On the review aggregator Rotten Tomatoes, the film has an approval rating by critics of 42% based on 57 reviews, with an average rating of 5.3/10. The website's consensus reads: "While Stephen Fry and Lena Dunham provide some affecting moments as a father-daughter pair, Treasure's dramatic riches mostly remain buried." Among verified audience members, though, the film has an approval rating of 91%, with an average rating of 4.3/5.

Ben Roll of TheWrap wrote that "...“Treasure” pulls at the impossible understanding between a generation of survivors and the children they reared – kin separated by incompatible visions and experiences of the world, casting orphans against progeny raised in quiet grief while spared from similar heartbreak."

David Erhlich of IndieWire gave the film a B−, and wrote: "Adapted from Lily Brett’s autobiographical 1999 novel “Too Many Men,” “Treasure” is essentially an intergenerational story about the walls that people build in order to protect themselves and each other. More specifically, it’s a story about what happens when those walls grow so tall they threaten to block out our loved ones on the other side, and the difficult process that’s required to dismantle them before it’s too late."

Alex Godfrey of Empire rated the film 3/5, and wrote: "Director Julia von Heinz takes on a lot here, wrangling a lightly comedic father-daughter road-trip buddy-movie out of her adaptation of a 542-page book, unpacking generational trauma, the legacy of Auschwitz and institutionalised antisemitism."

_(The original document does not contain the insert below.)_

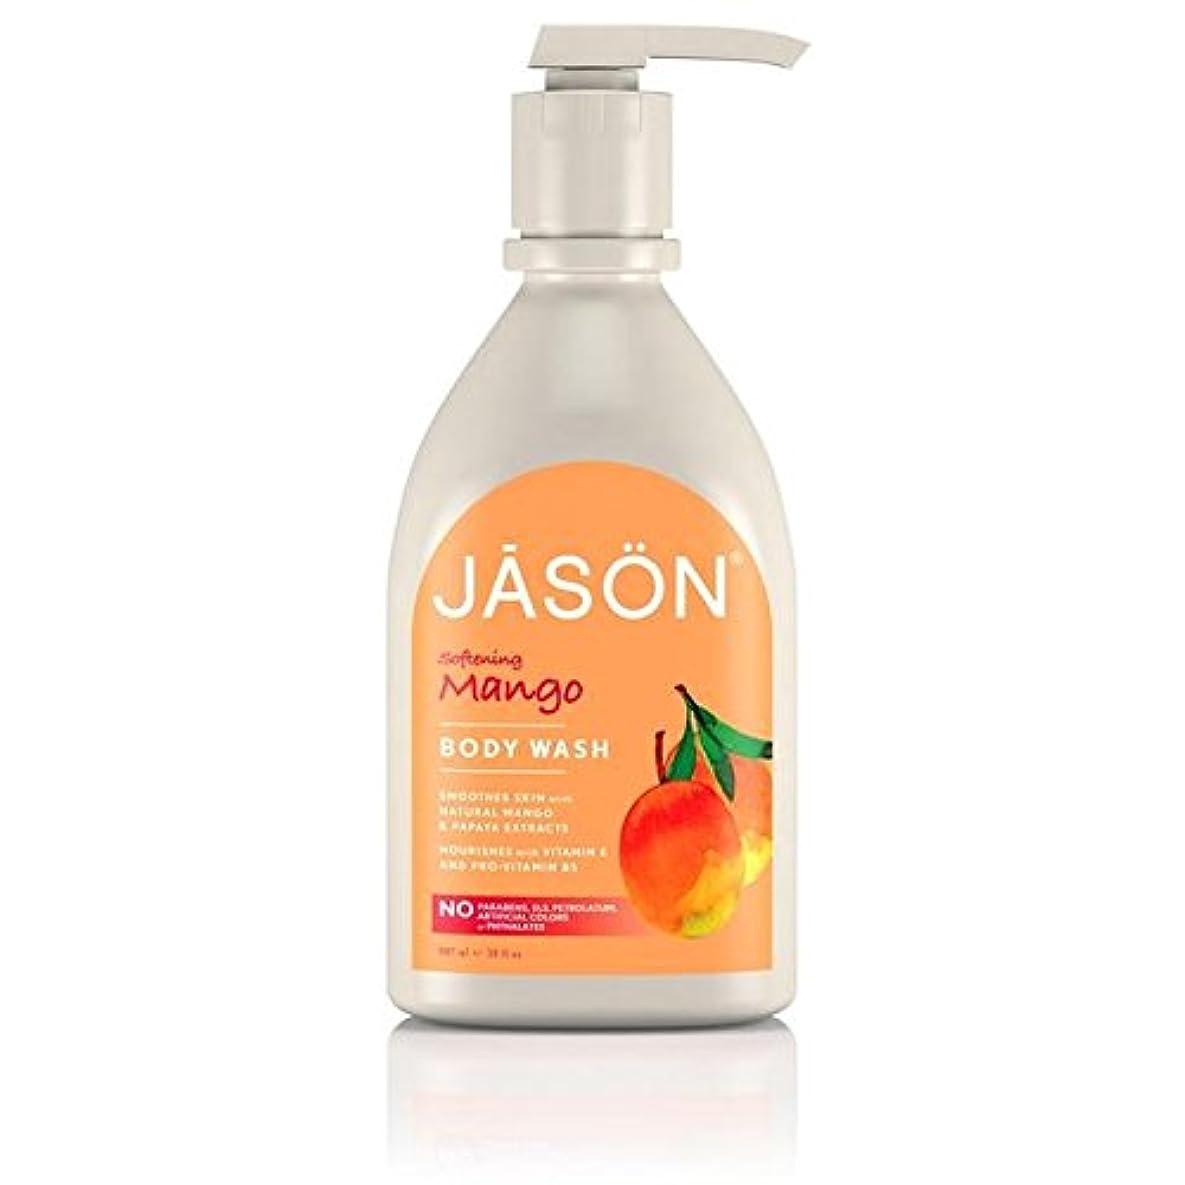 アカウント湿気の多いハイランドジェイソン?マンゴーサテンボディウォッシュポンプ900ミリリットル x4 - Jason Mango Satin Body Wash Pump 900ml (Pack of 4) [並行輸入品]

Tim Robey of The Daily Telegraph rated the film 2/5, and wrote: "Sombre, sluggish and usually on the right side of respectable, Julia von Heinz’s film eventually bottles its task, coming to mollifying conclusions about the 20th century’s starkest horrors."

Leslie Felperin, reviewing the film for The Hollywood Reporter, dubbed it as "Oy gevalt!", and opined: "So muddled and misbegotten it’s hard to perform an evidential postmortem, based strictly on one viewing, of where it all goes wrong."

Wendy Ide reviewing the film at the Berlinale, wrote in ScreenDaily: "Treasure is a curiously inert work, a film that feels as emotionally grey and underlit as its cinematography."

Ben Rolph in AwardsWatch graded the film C, and wrote: "Dunham’s connection to the story cannot save her stilted line delivery, every word feels forced as if just read off the page giving a frustrating lack of authenticity in her performance."